You worry that they watch too much TV, and that this also stifles their creativity. Then you notice them playing Ninjago instead of a game they made up themselves, and you know you need to do a detox, but you can’t quite get up the gumption to cut them off, and you know they do honestly need TV to calm down. You worry the dogs steal their food too often and they will grow up to be cat people. You worry they don’t play outside enough. You worry that someone will notice their socks don’t match, or their shirt is stained, or that you forgot to wipe the peanut butter and jelly off their face. For someone with GAD, children are walking, talking, adorable foci of terror.

Then there is the inexplicable. You are terrified, utterly terrified, by baskets of laundry. They sit in your — wherever your laundry baskets sit. Mine sit in my kitchen, and you can judge away, bitches, because they still sit there and torment me with their whiteness, their spilling-over fullness, the fact that clean clothes are falling on the floor and all I can manage to do is to pick them up and put them back in the basket. It takes 10 full baskets and a [legally prescribed] Klonopin for me to sort laundry. And when I do, I leave it in clothes baskets in front of my kids’ drawers, because I totally do not have time to fold laundry. I worry you are judging me for this. I especially worry that the babysitter is judging me for this, and I try to make a joke of it: “I’m too busy doing art with the kids to fold laundry,” I say. We’ve thrown one pot this week. Now I’m worried that you’re judging me for lying to the babysitter.

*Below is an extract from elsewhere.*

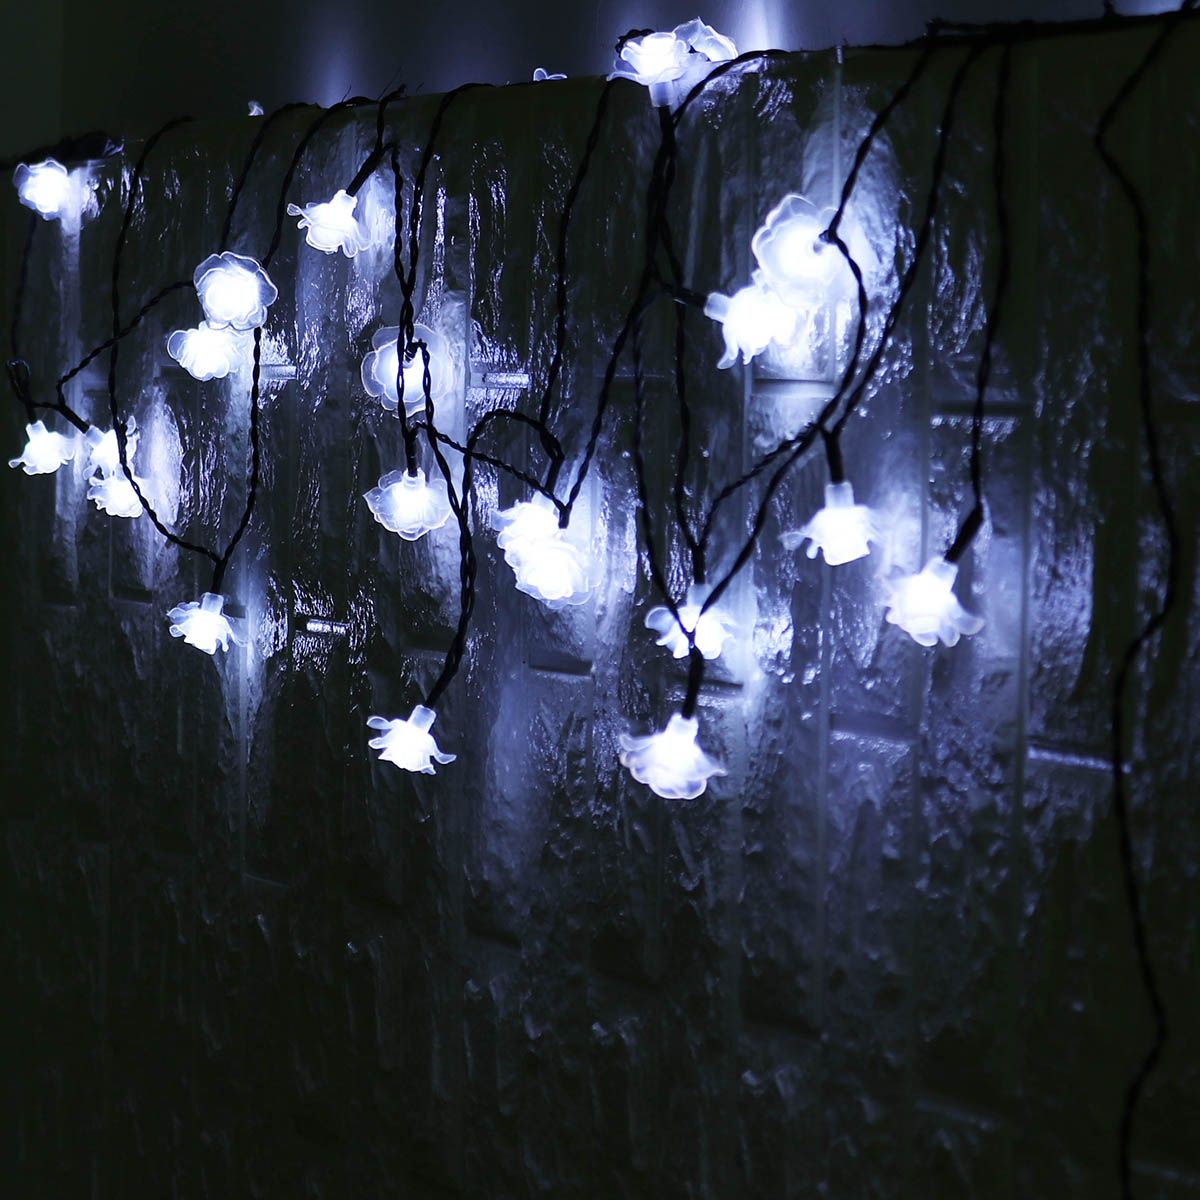 111222M-Solar-LED-String-Lights-Waterproof-Christmas-Party-Garden-Home-Decor-1764133

The babysitter. Oh, the terror of the babysitter. You do not know, unless you have GAD, the agony of having a babysitter. First there’s the terror that she’ll think your house is a DSS-call-worthy cesspool. So you have to clean all the things, especially the bathrooms, because boys pee all over the floor, and especially the kids room, because they also throw Legos all over the floor. You have to get on your knees and beg her to make them clean up after themselves, because that one time they didn’t and you came home and cried in front of God and everyone. Then you leave, and you pray she has the sense to keep them away from the hose and not kidnap them and leave the dogs outside and know the Heimlich maneuver if the baby chokes.

Basically, having GAD means you’re overly terrified of random things that make sense (car accidents) and panicked about things that are completely innocuous and will work themselves out in the end anyway. Do not tell us this. We will punch you, because believe me, if we could turn this shit off, we would. No amount of rationalization will convince us that the laundry baskets are not a terror-inducing misery or that the babysitter will be totally fine. We can’t talk our way out of it. We just have to live it, one fear at a time.

For many of us, prescription drugs help. So does talk therapy. And so does a nonjudgmental hug. Because as afraid as we are, it helps if someone is willing to be in that space with us. You don’t have to understand. You just have to be there. And maybe fold the laundry yourself.